Work task: Your copy should match the records below word for word and contain no pictures.

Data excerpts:

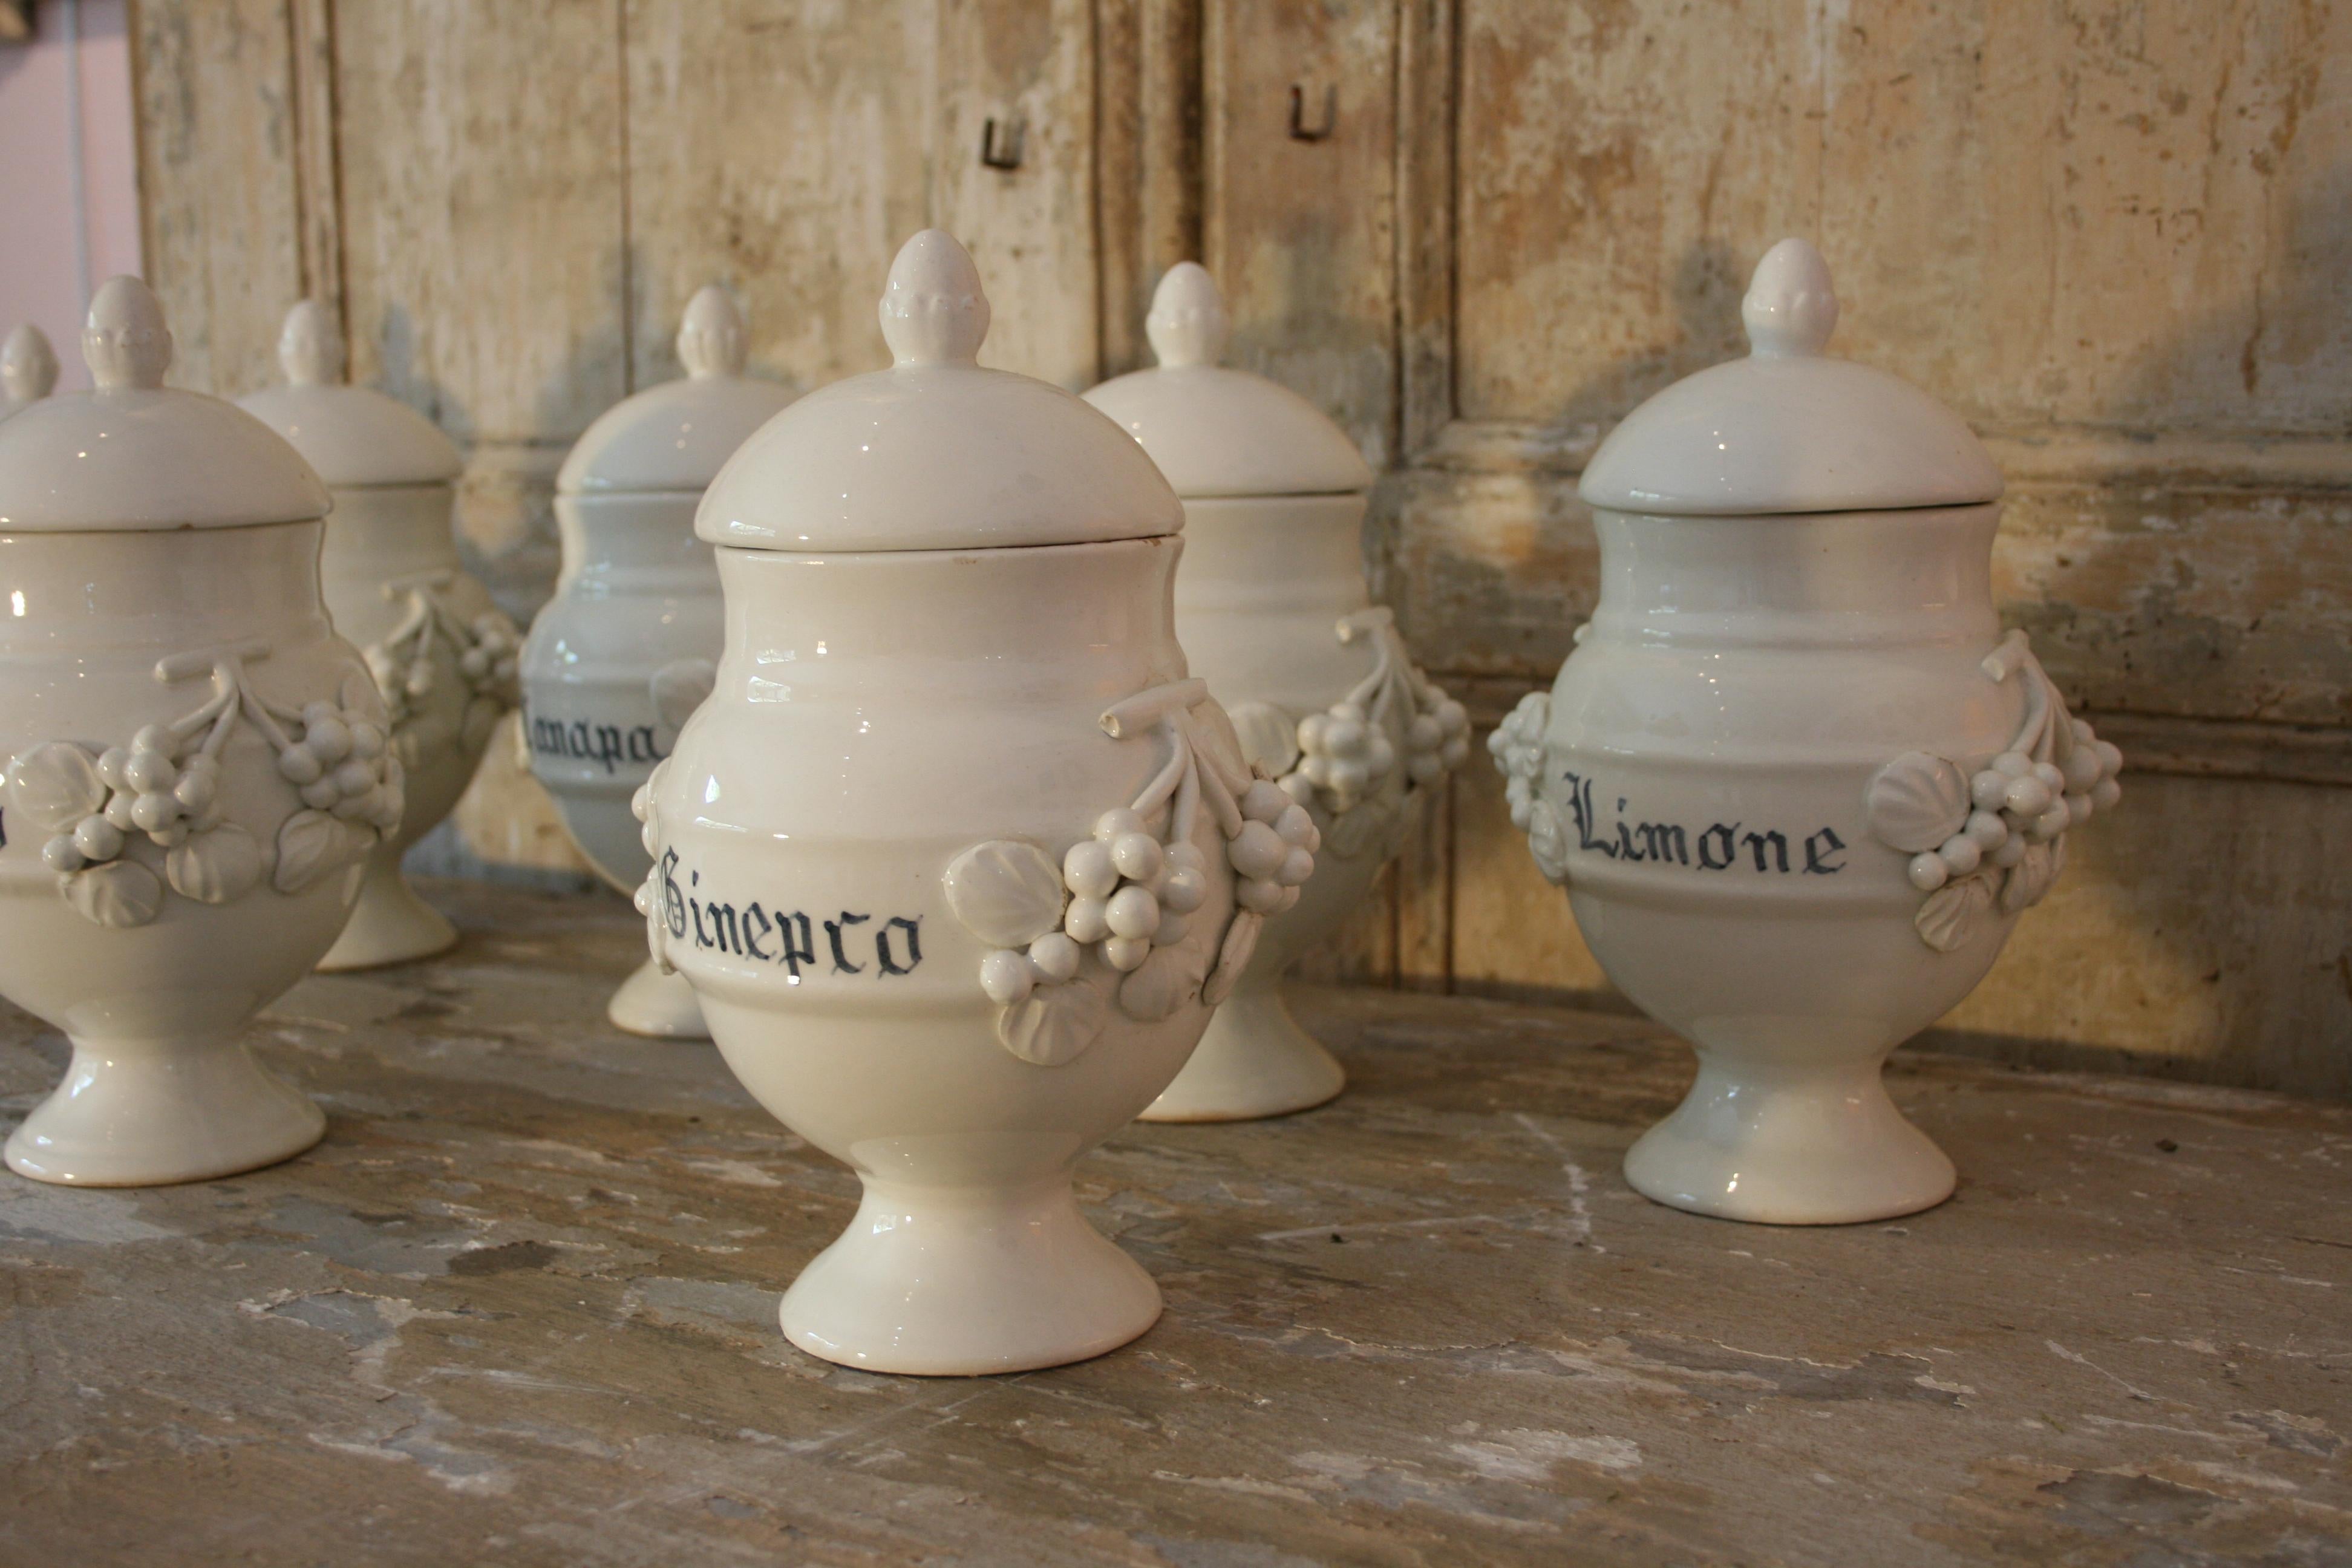 Fantastic set of 8 19th century Italian apothecary or pharmacy jars in near perfect condition. Beautiful rounded shape with lids, embossed fruits applications on glazed earthenware & delicate blue script, stamped to the underneath with M and a
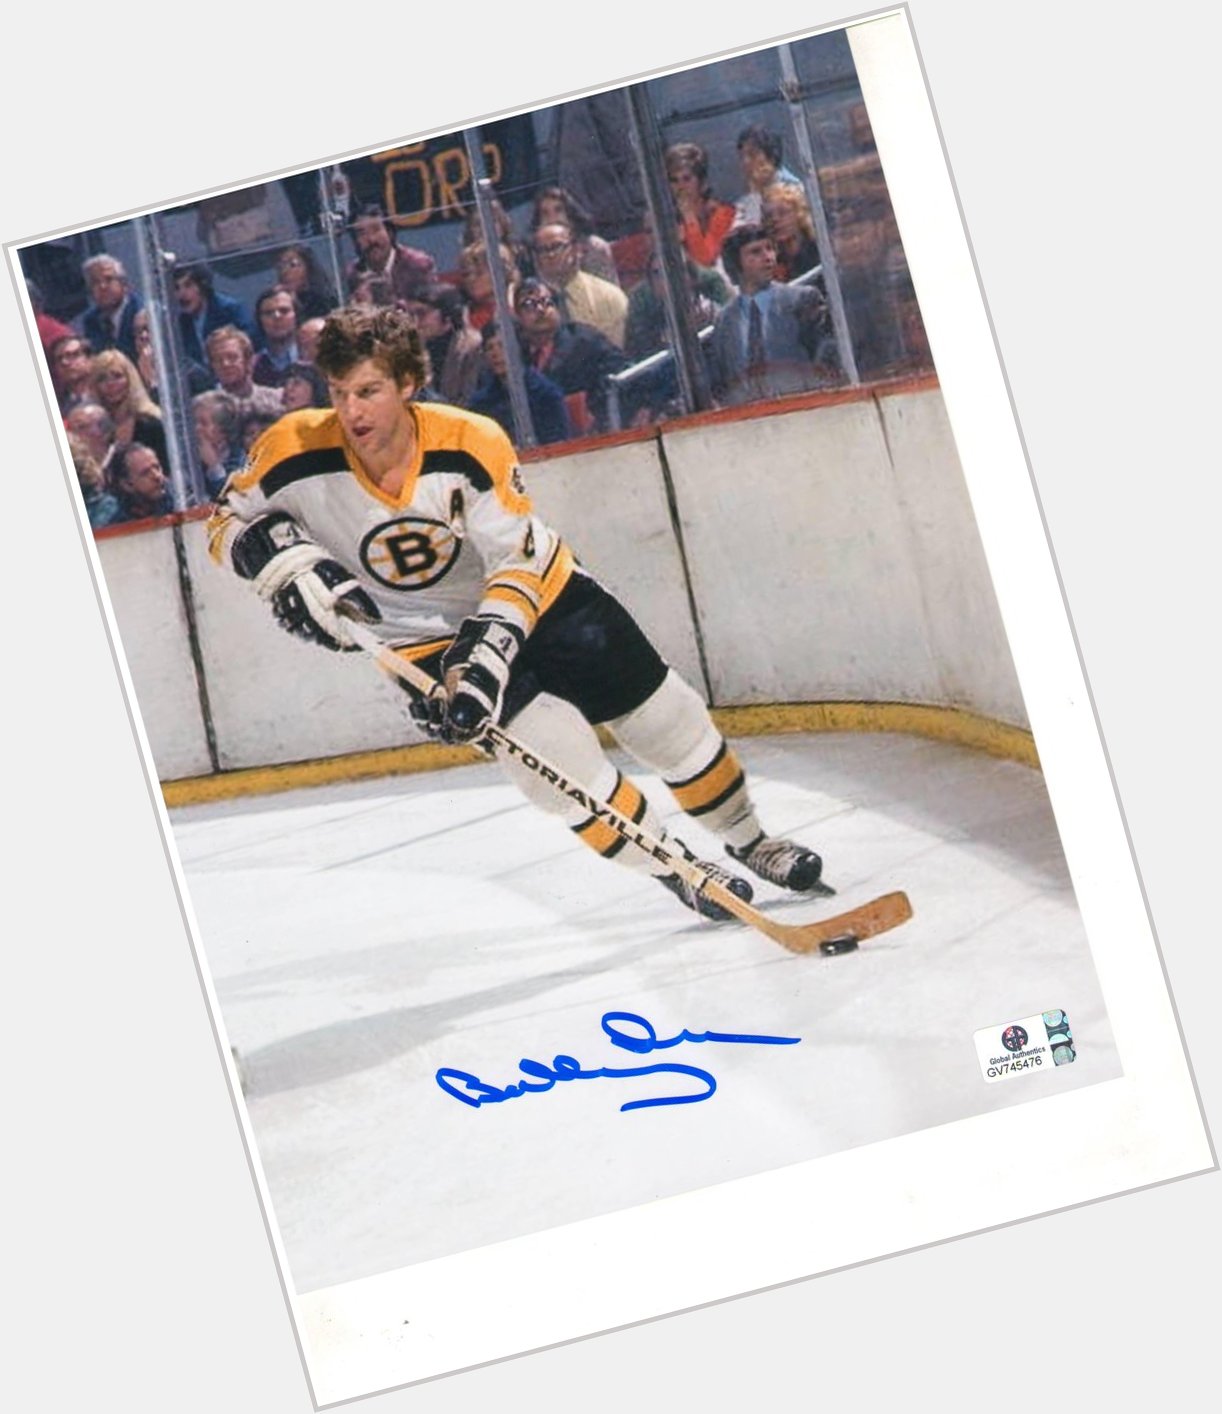 Happy birthday to the greatest hockey player in all of recorded history...
Number 4! Bobby Orr!
67 years old today! 
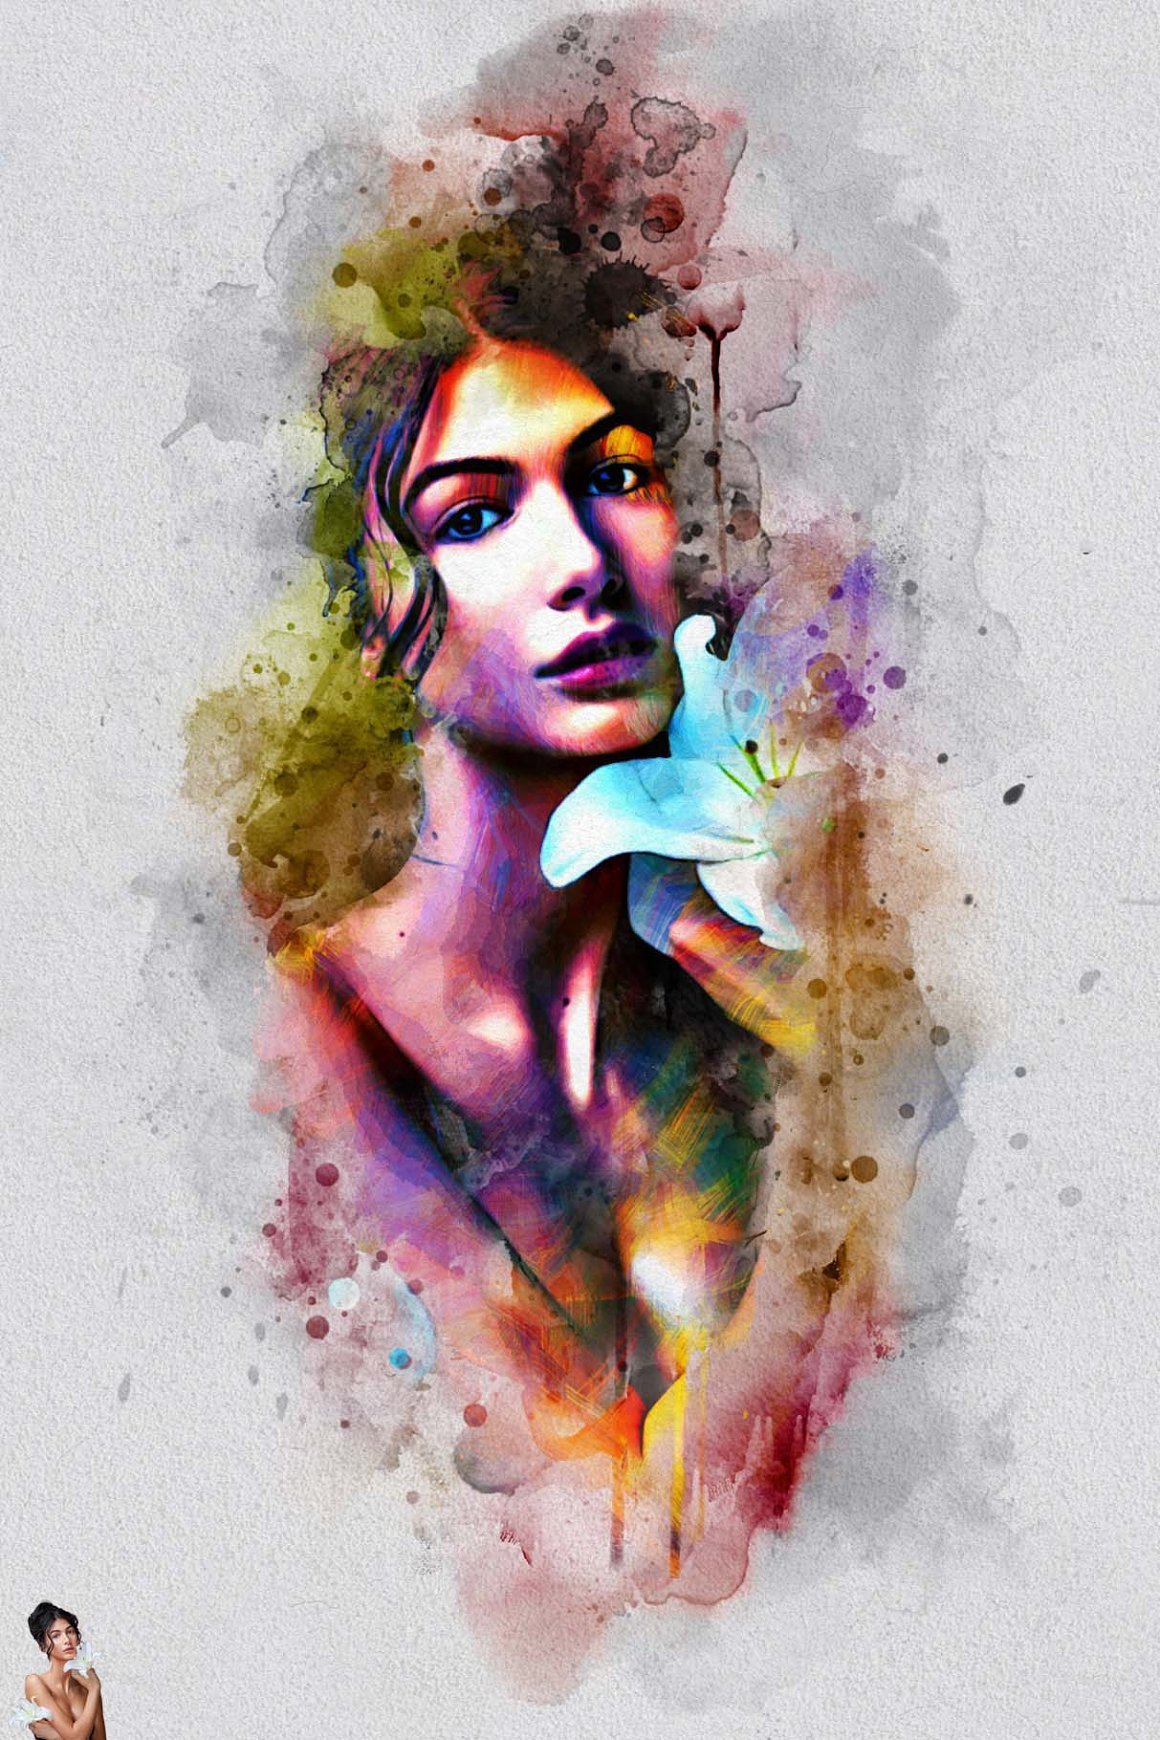 Photoshop Watercolor Painting Effect - Design Cuts

Solution for this task:
 Fantastic set of 8 19th century Italian apothecary or pharmacy jars in near perfect condition. Beautiful rounded shape with lids, embossed fruits applications on glazed earthenware & delicate blue script, stamped to the underneath with M and a
 Happy birthday to the greatest hockey player in all of recorded history...
Number 4! Bobby Orr!
67 years old today! 
 Photoshop Watercolor Painting Effect - Design Cuts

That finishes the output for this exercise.